** Data provided **
--- START ---
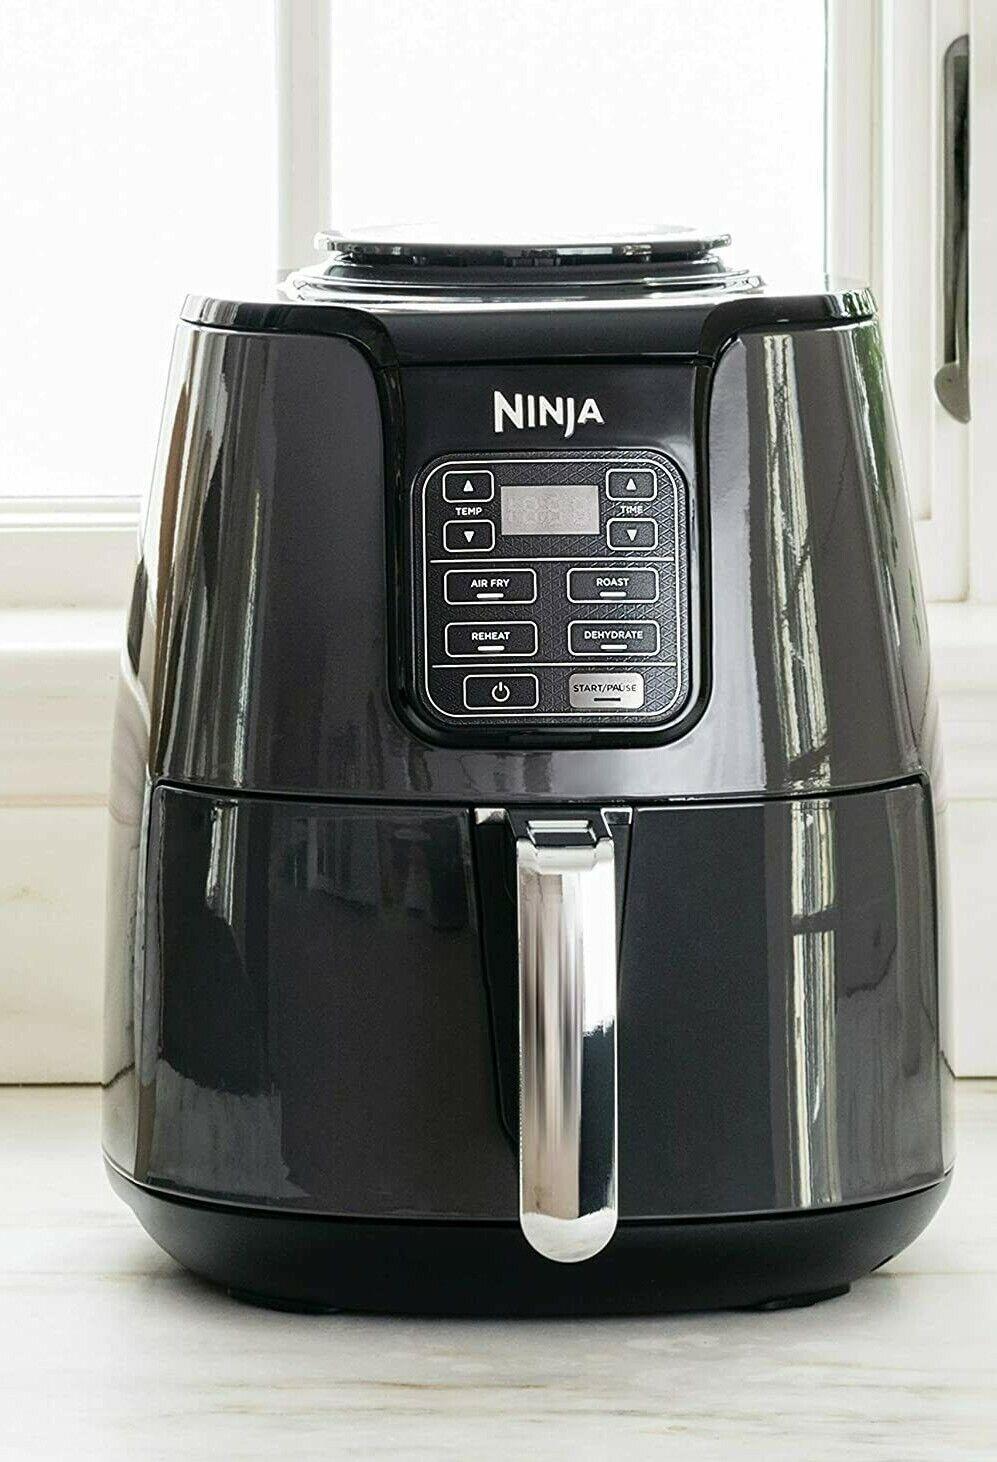 OB25C Ninja Air Fryer 4qt  Guilt Free Fried Food Black AF101 Shark
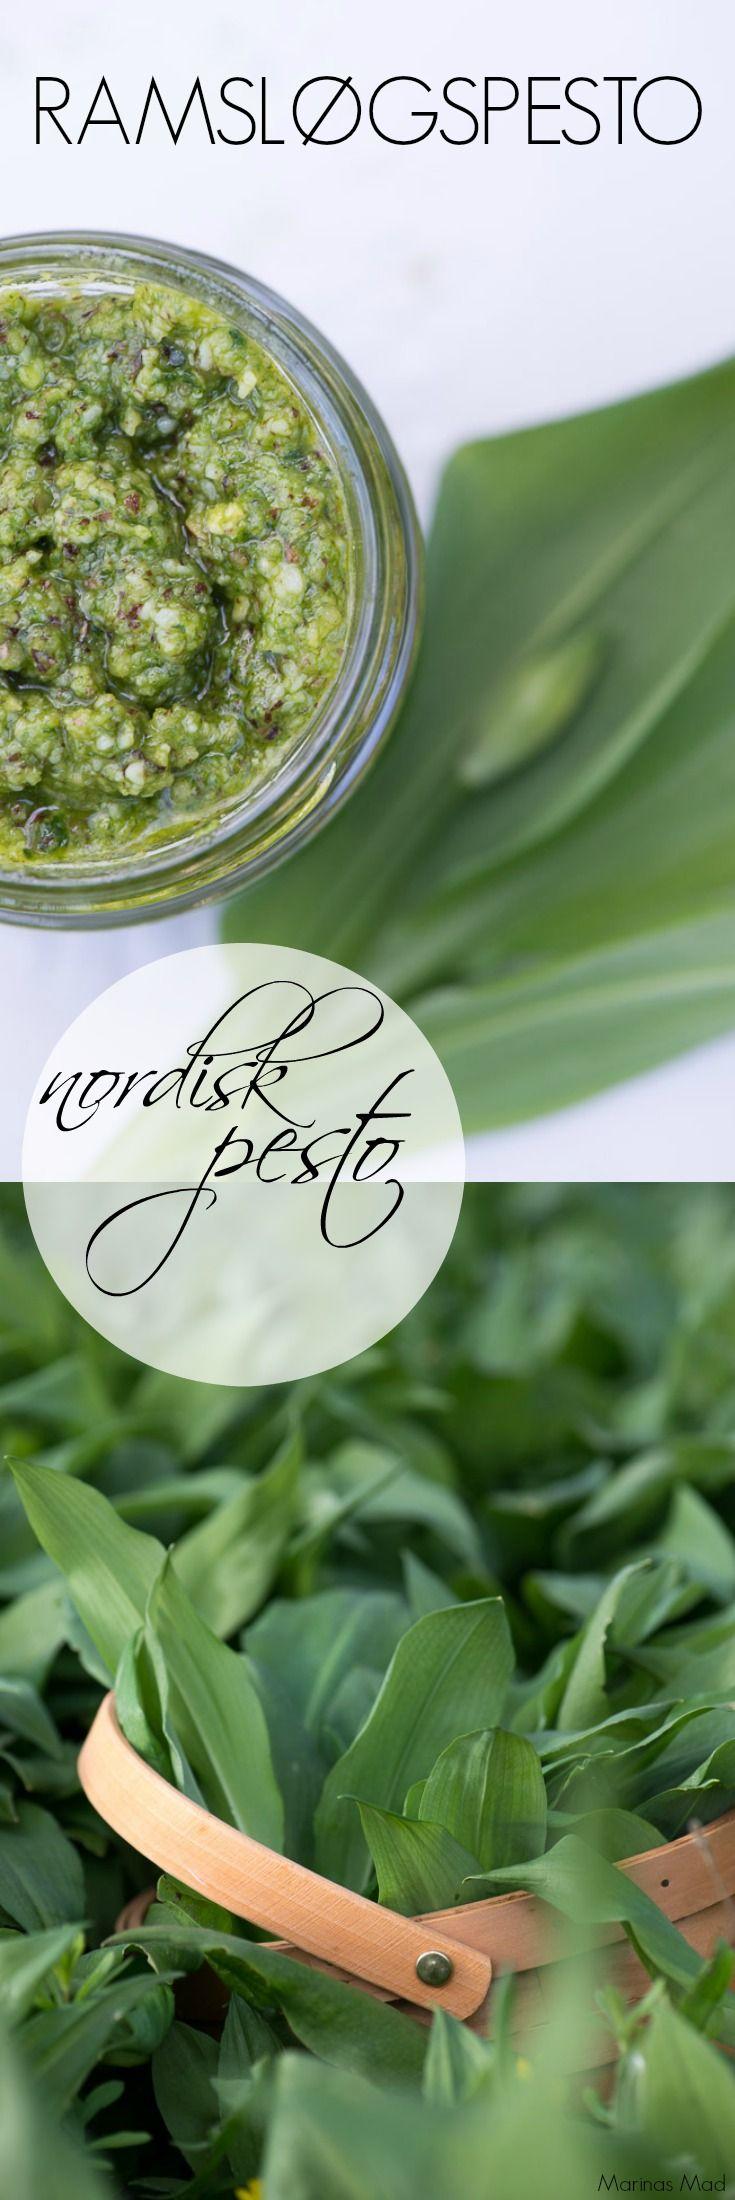 Ramsløgspesto er nemt at lave og smager fantastisk af dansk forår. I indlægget er der også gode råd til hvor og hvordan man kan samle sine egne ramsløg. Opskrift fra Marinas Mad.
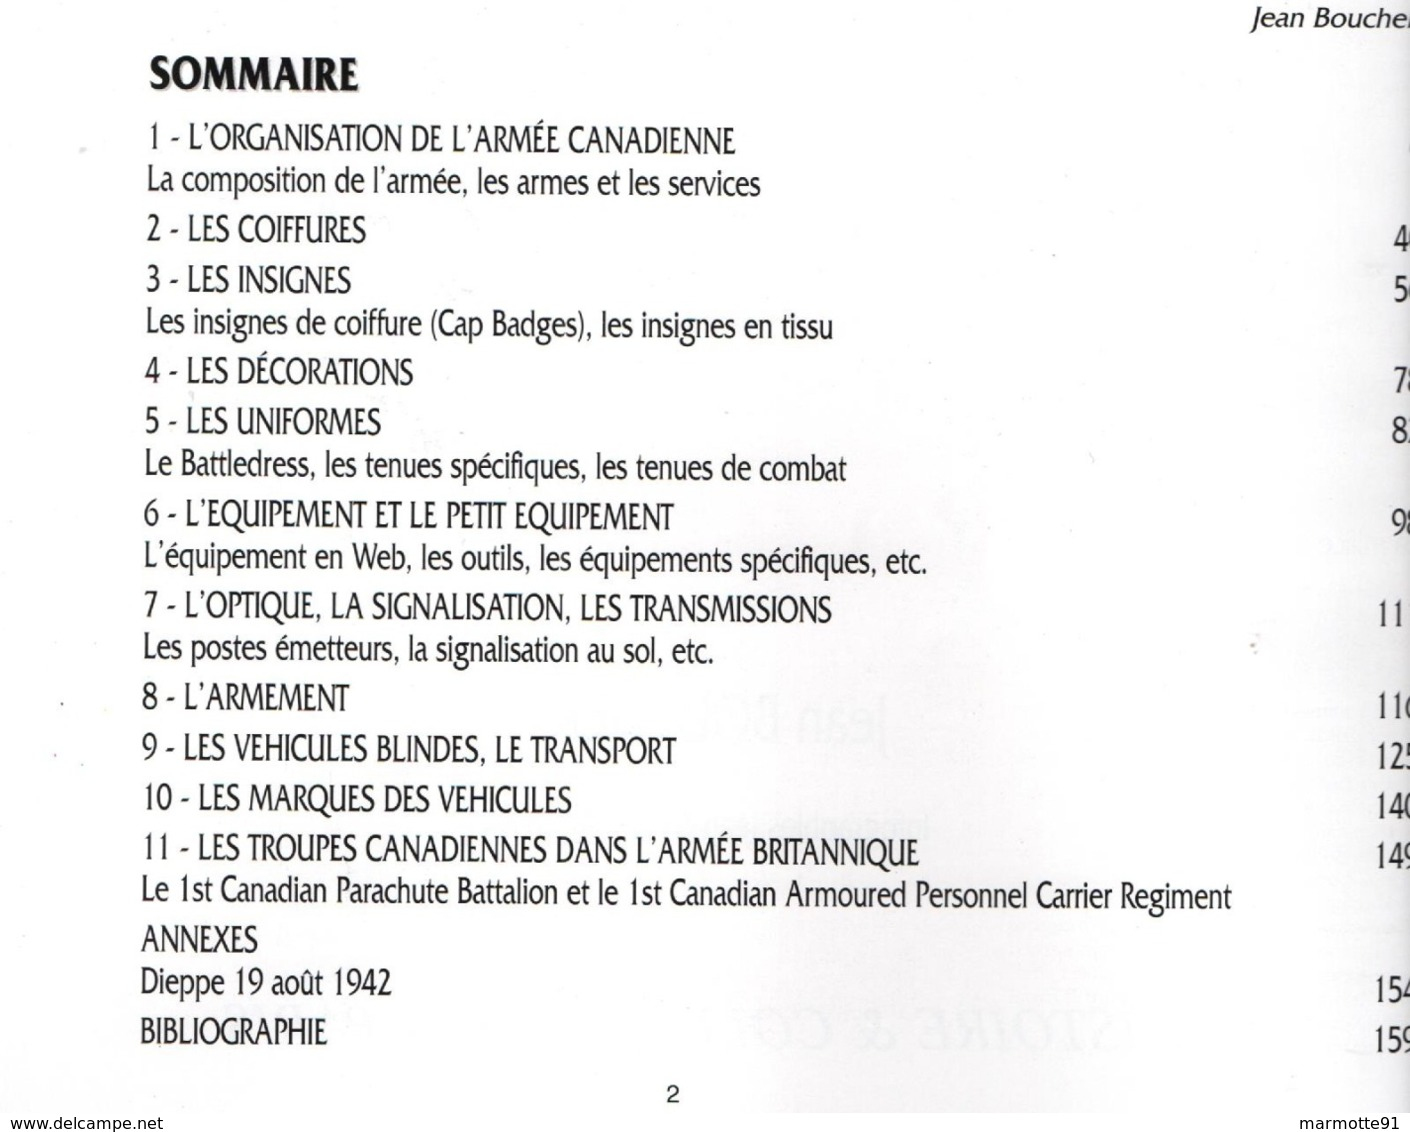 LE CANADIEN DE LA LIBERATION DE NORMANDIE A LA BALTIQUE ARMEE CANADA GUERRE 1944 1945 - 1939-45
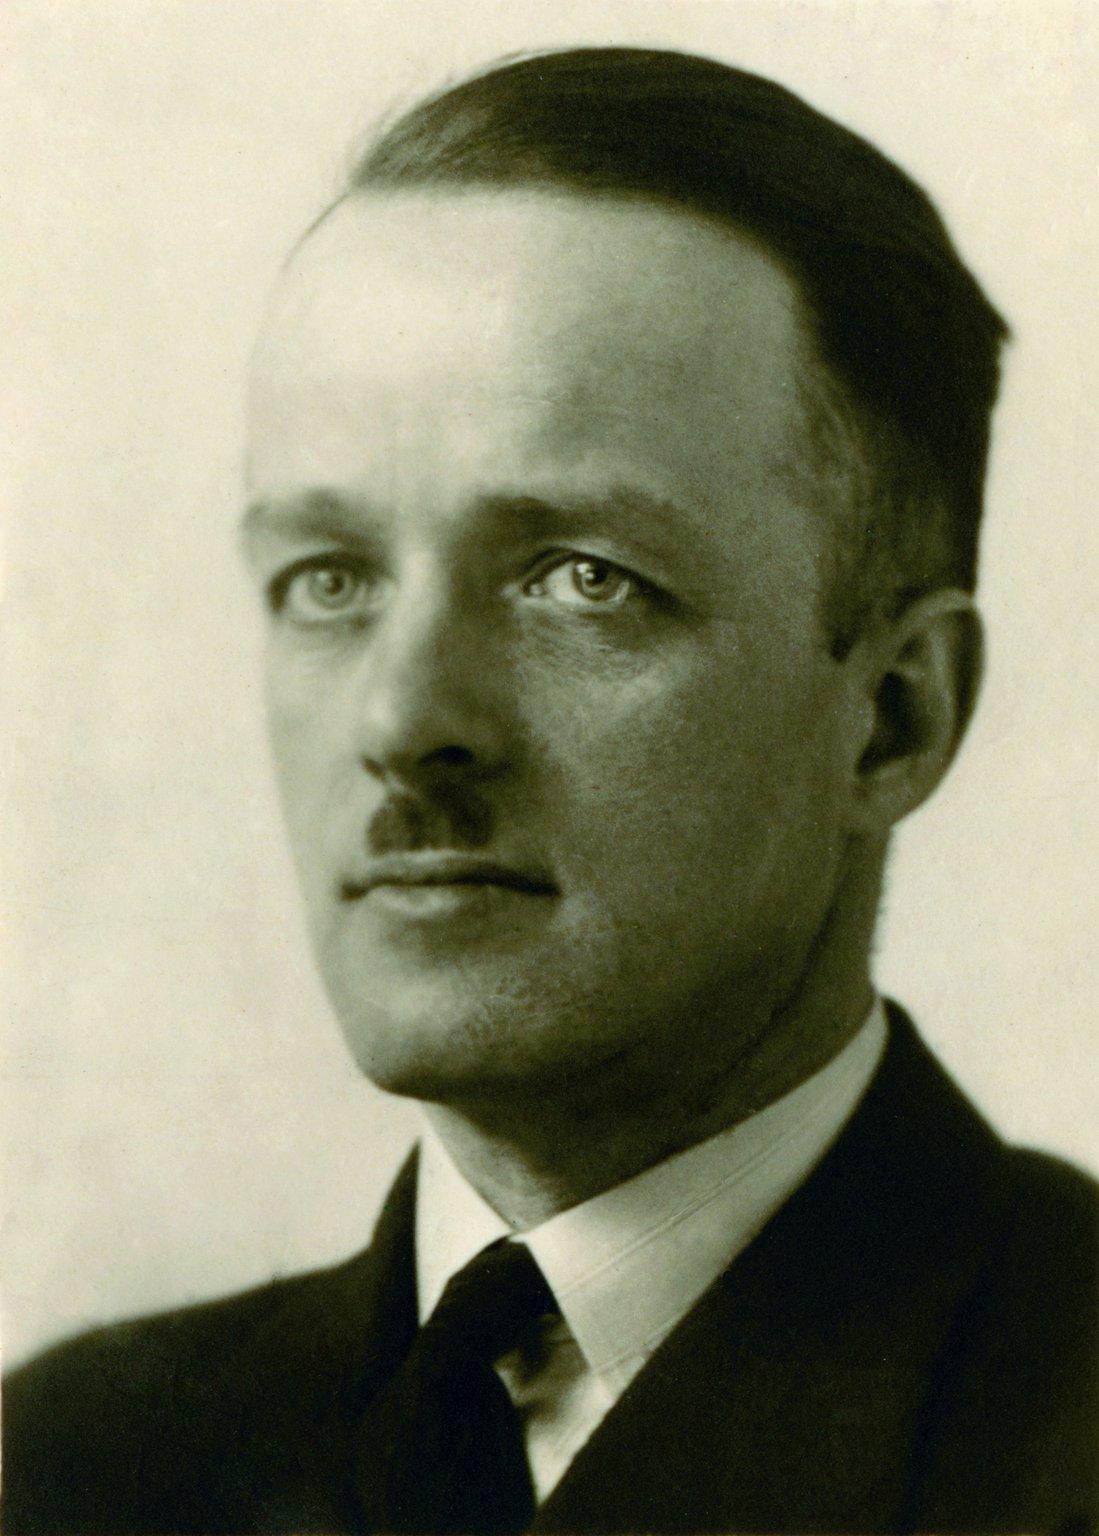 Victor Kugler, around 1930.
--- END ---
** Exercise aim **
Repeat the data word for word; drop the pictures.

** Your response **
 OB25C Ninja Air Fryer 4qt  Guilt Free Fried Food Black AF101 Shark
 Ramsløgspesto er nemt at lave og smager fantastisk af dansk forår. I indlægget er der også gode råd til hvor og hvordan man kan samle sine egne ramsløg. Opskrift fra Marinas Mad.
 LE CANADIEN DE LA LIBERATION DE NORMANDIE A LA BALTIQUE ARMEE CANADA GUERRE 1944 1945 - 1939-45
 Victor Kugler, around 1930.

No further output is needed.